A cathedral dedicated to the Egyptian martyrs beheaded in Libya
by Loula Lahham

Three years after the massacre of the 21 young Copts, a cathedral for the "martyrs of the faith" was built and consecrated in Al Ur, in Upper Egypt. The remains of the victims, found in a cave in Sirte, after DNA testing, will be on display on the ground floor of the building. The words of the martyrs' families.

Cairo (AsiaNews) - It was February 15, 2015: on the shores of the Libyan city of Sirte, members of the so-called Islamic State (Daesh) beheaded 21 young Egyptian Copts in cold blood, filming and publishing their crime in a video with the title : "Message signed with blood, destined for the nation of the Cross".

That same evening, Egypt responded with aerial bombardments of jihadists sites believed responsible for the massacre and the day after the video was broadcast, Egyptian President Abdel-Fattah Al-Sissi visited the Cathedral of Saint Mark in Cairo, home of the Orthodox Coptic patriarchy, to present his condolences to Tawadros II, Pope of the Orthodox Copts.

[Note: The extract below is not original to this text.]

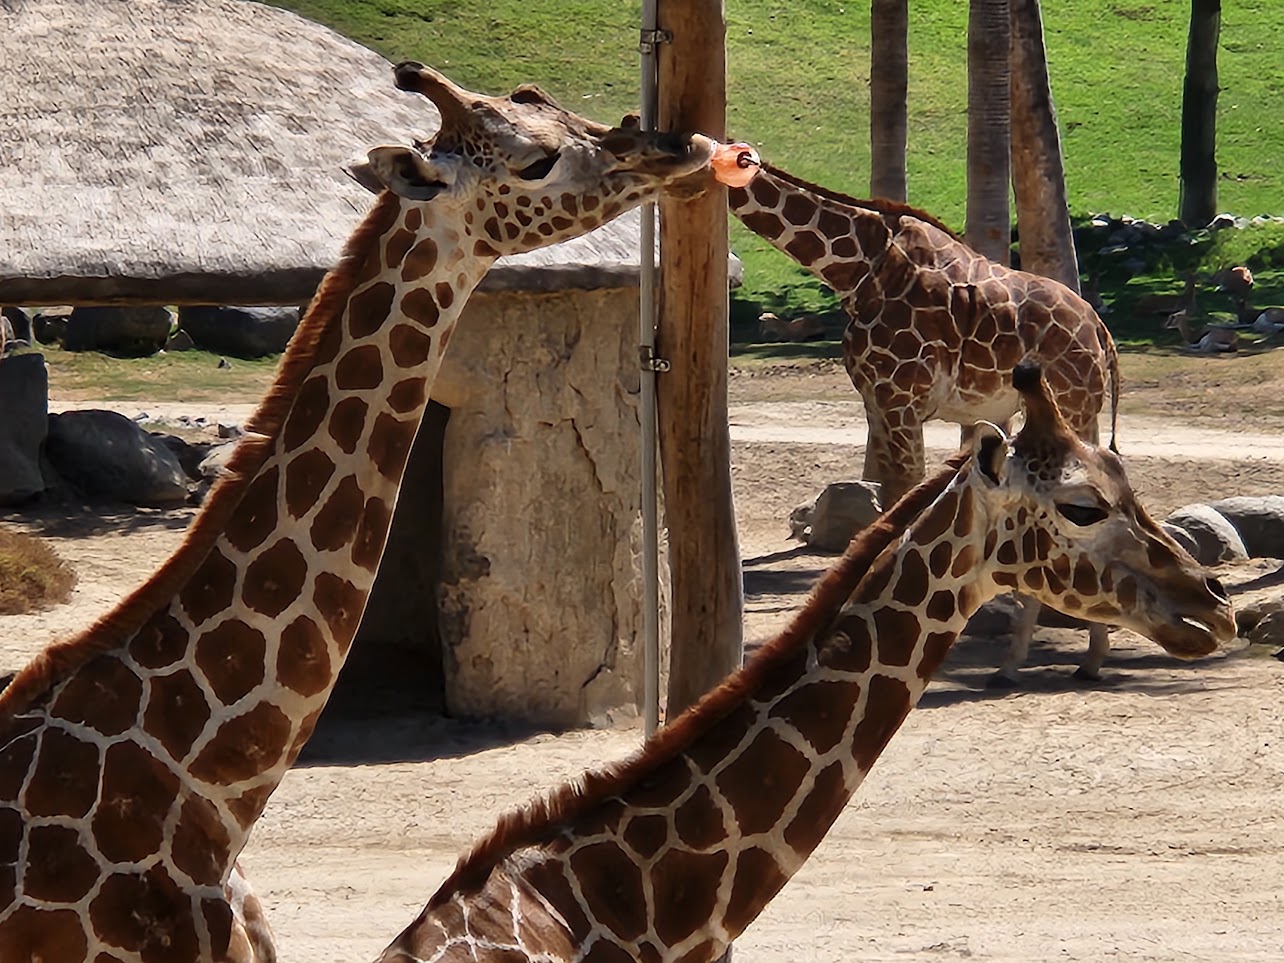 Two giraffes facing the same way

Seven days of national mourning followed. Subsequently, the families of the victims received a reward and received a monthly pension equal to the salary that those young workers earned, after leaving for work in Libya and supporting their families.

This week, three years after the massacre, the families of the dead remember their children with pain and joy: they now have a cathedral in honour of their children, entitled "Cathedral of the Martyrs of the Faith".

A few days after the massacre, Tawadros II, spiritual head of the Copts of Egypt, decided to enroll the 21 martyrs beheaded by Daesh in the Synaxarium, the sacred historical book of the martyrs of the Coptic Orthodox Church.

The cathedral was built in the small village of Al Ur, the birthplace of the majority of the dead, near the town of Samalut in Upper Egypt, about 245 km south of the Egyptian capital. The altars of the new cathedral were blessed and sanctified on February 14 by local bishop Amba Pavnatius; the first mass was celebrated the following day, February 15th with the presence of the governor of the city and finally, yesterday at the beginning of the Egyptian weekend, the church was opened for the weekly masses.

Meanwhile, the families of the dead still await the results of DNA tests by the Egyptian authorities, after the discovery of the remains of the martyrs in a cave in Sirte (Libya), to receive the relics of their children who are likely to be guarded in glass cases on the ground floor of the cathedral.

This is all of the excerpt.